No conozco a ese hombre, sentado ahí arriba de traje y corbata leyendo monótonamente
contra la luz que se filtra por el ventanal que da a la plaza. No debe se ser aquí. De lo contrario, yo
que soy un NYC, tendría que conocerlo.
En cualquier lugar del mundo la sigla NYC tiene un significado solo: New York City, ciudad
en la que, dicho sea de paso, he estado varias veces, y no porque me hayan pagado el viaje. Yo no le
debo nada a nadie en la vida, salvo a mis padres, claro está.
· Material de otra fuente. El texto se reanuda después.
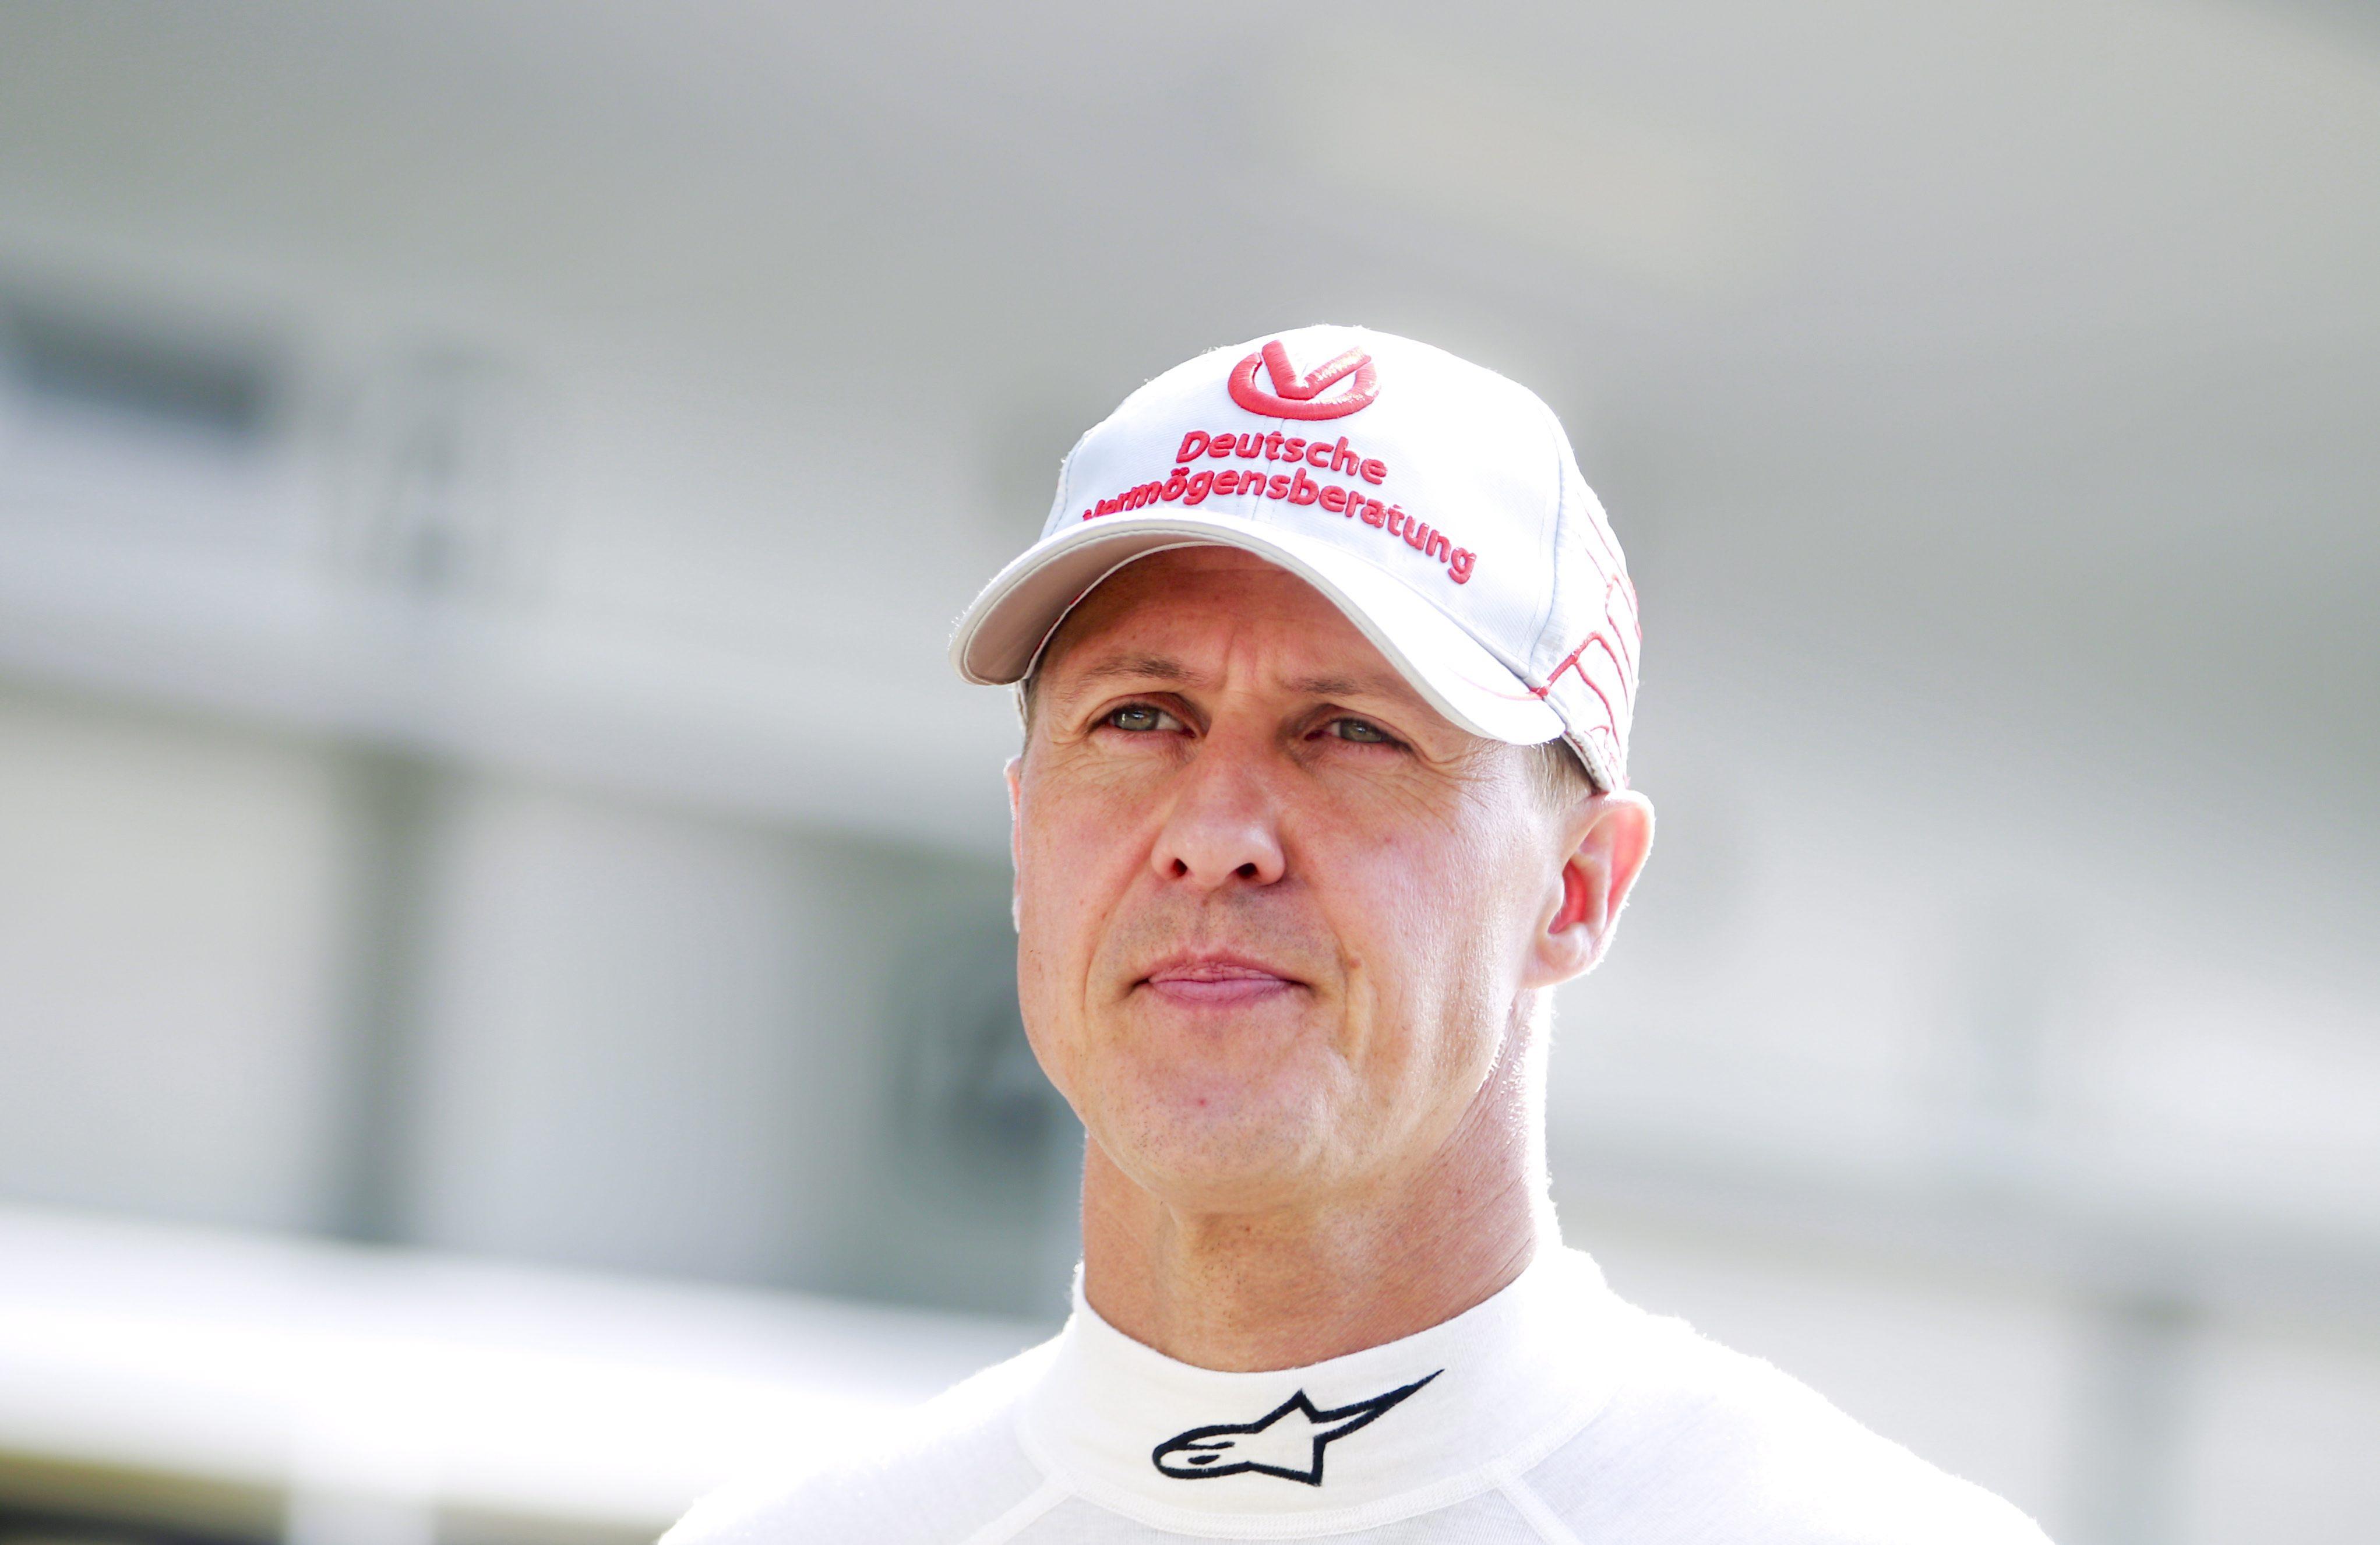 Пирели отговориха на нападките на Шумахер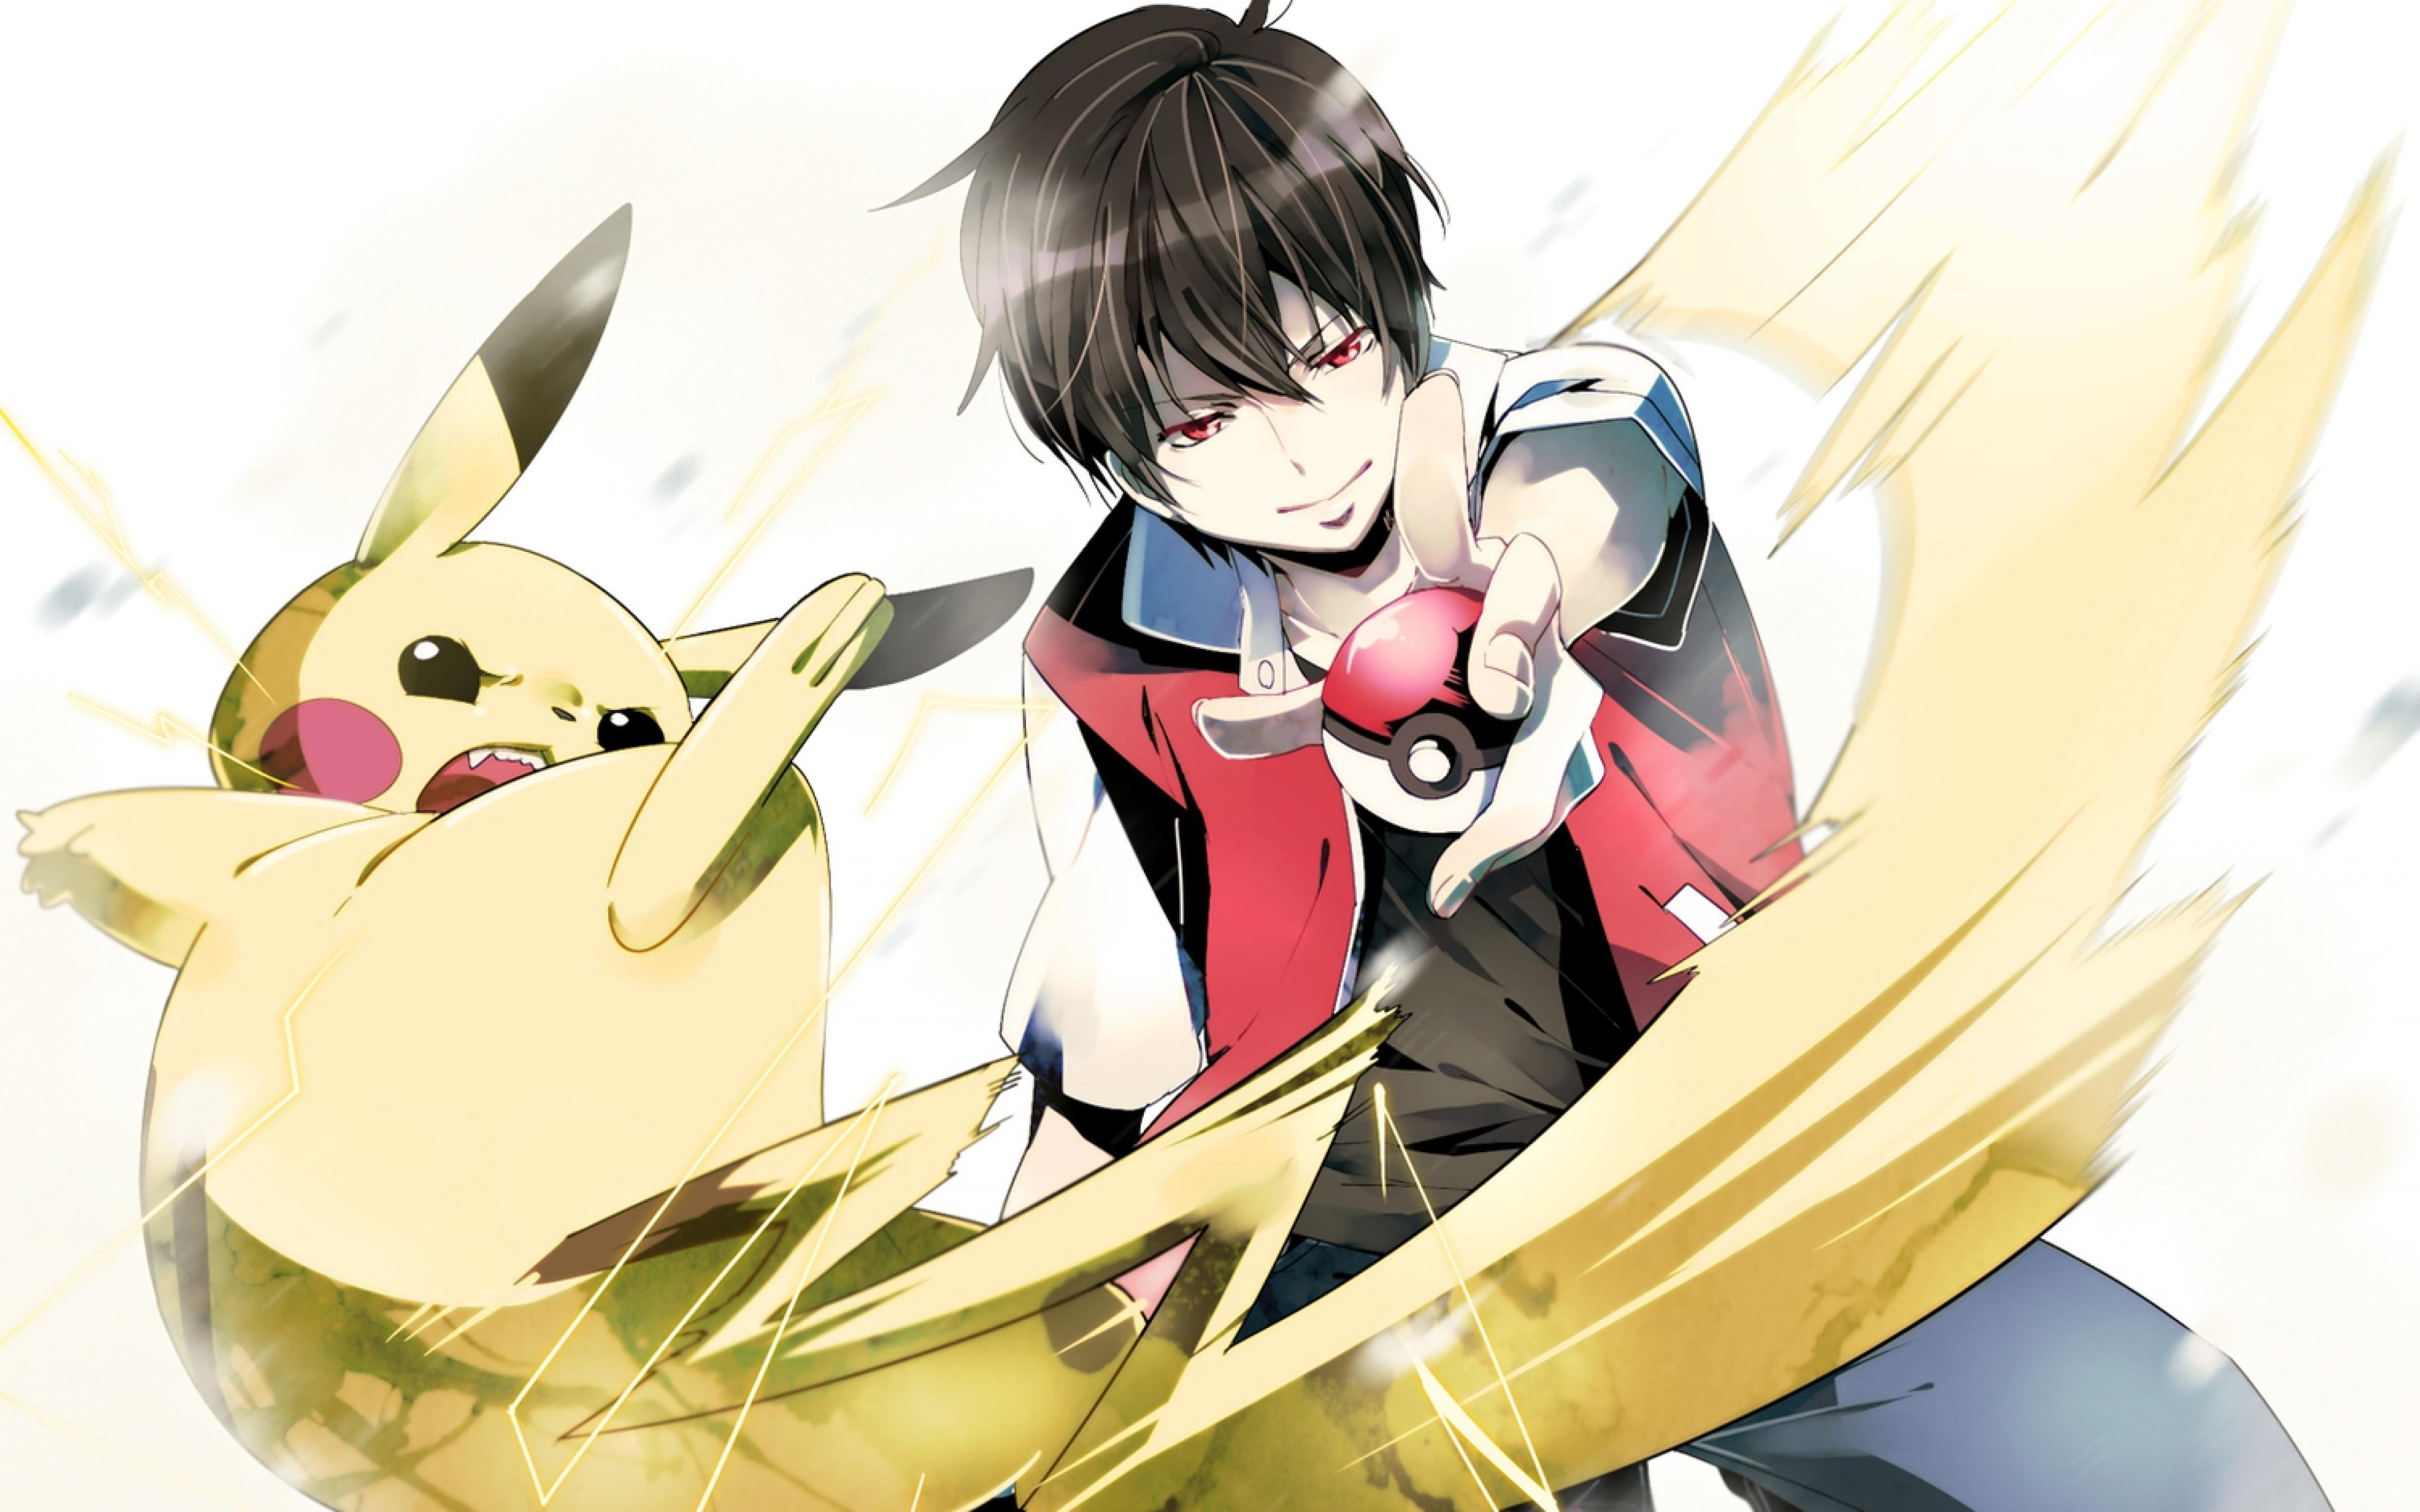 fond d'ecran anime 3840x2400

Pero aquí, en Santa Rosa, NYC tiene
otro significado, bastante preciso: identifica a los que somos Nacidos y Criados en la Ciudad, para
diferenciarnos del aluvión de inmigrantes que han venido bajando en los últimos años de otras
provincias, y que normalmente vana terminar viviendo en una casa regalada por el gobierno.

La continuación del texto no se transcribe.